More often, blood ties and the desire for treasure take the motivation
main-stage, with religious inclination just inviting something cool to say when you smite a skeleton. Even amidst a swath of textual guidance, new players still struggle to incorporate and
inhabit religiosity into a well rounded PC.
Cast aside trepidation and unfamiliarity, fellow dice-believers. Religion-done-well in a campaign is a Godsend,
and this message has been sent from above
to show you how!
Define the Deity
The as-written D&D Gods are
very primeval. A polytheistic pantheon
consisting mainly of enlarged humans with enlarged human personalities who are tied to
certain elements and experiences in life.
D&D Gods have quarrels, trysts, triumphs, and the occasional
city-destroying wrath. They war amongst each
other, pick fights with mortals (and some times were originated from them!),
and even do battle with powers greater them themselves. While this structure provides interesting
lines of thinking and avenues of progression, it behooves the player (and the
DM) to think about parallel concepts of just how the Gods exists in the
campaign, their relation to the material world, and the role the PC fulfills through worshiping them.
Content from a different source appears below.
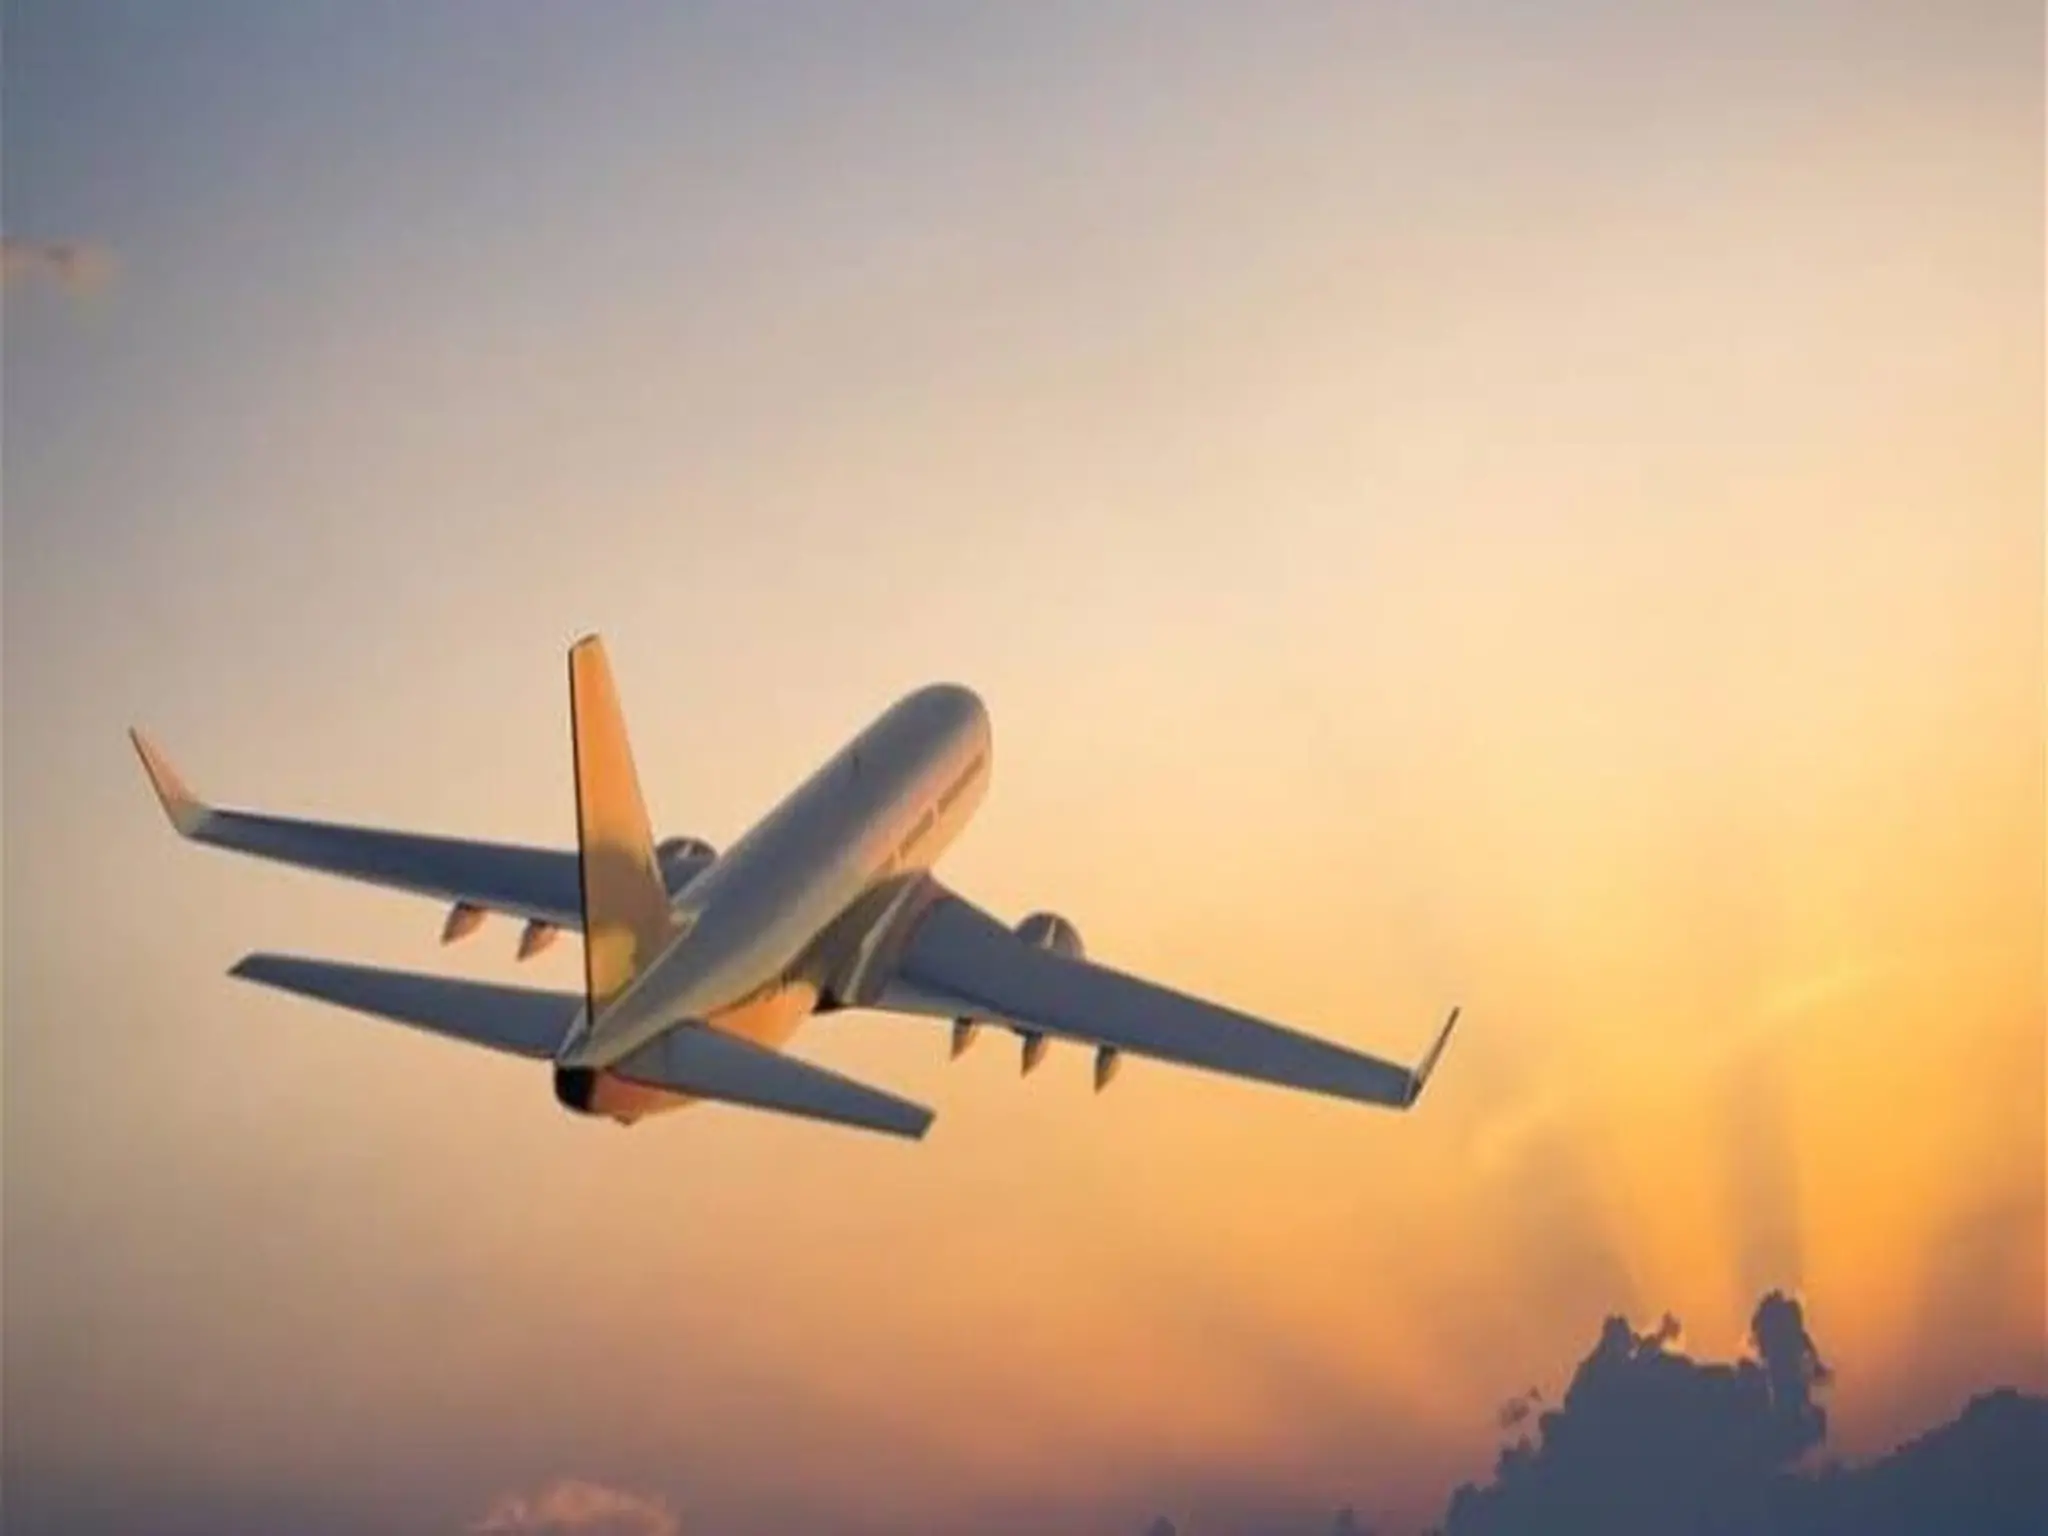 The UAE announces initiatives to facilitate travel procedures through airports

Just who is your God anyway?
One member of a greater sports-team of deities you happen to
have been born under?
A wetnurse’s farce told to frighten children, that has no
place in the brutal margin where your
arrows are loosed?
An omniscient force who absorbs all opposites and is
everything and nothing at once?
A raging beast from beyond the stars who is only capable of
acting through you and your spiked chain?
Big booty and Bigger Booty?
The religious life of your PC
becomes much more interesting when you uncouple the concept of ‘God’ with ‘gigantic man’. Perhaps your
God is an actual plane of existence
that neophytes strive to attain to and live
within? Or an aura of pure love that is made manifest only after the greatest war in history is waged,
purging all societies of their desire to fight.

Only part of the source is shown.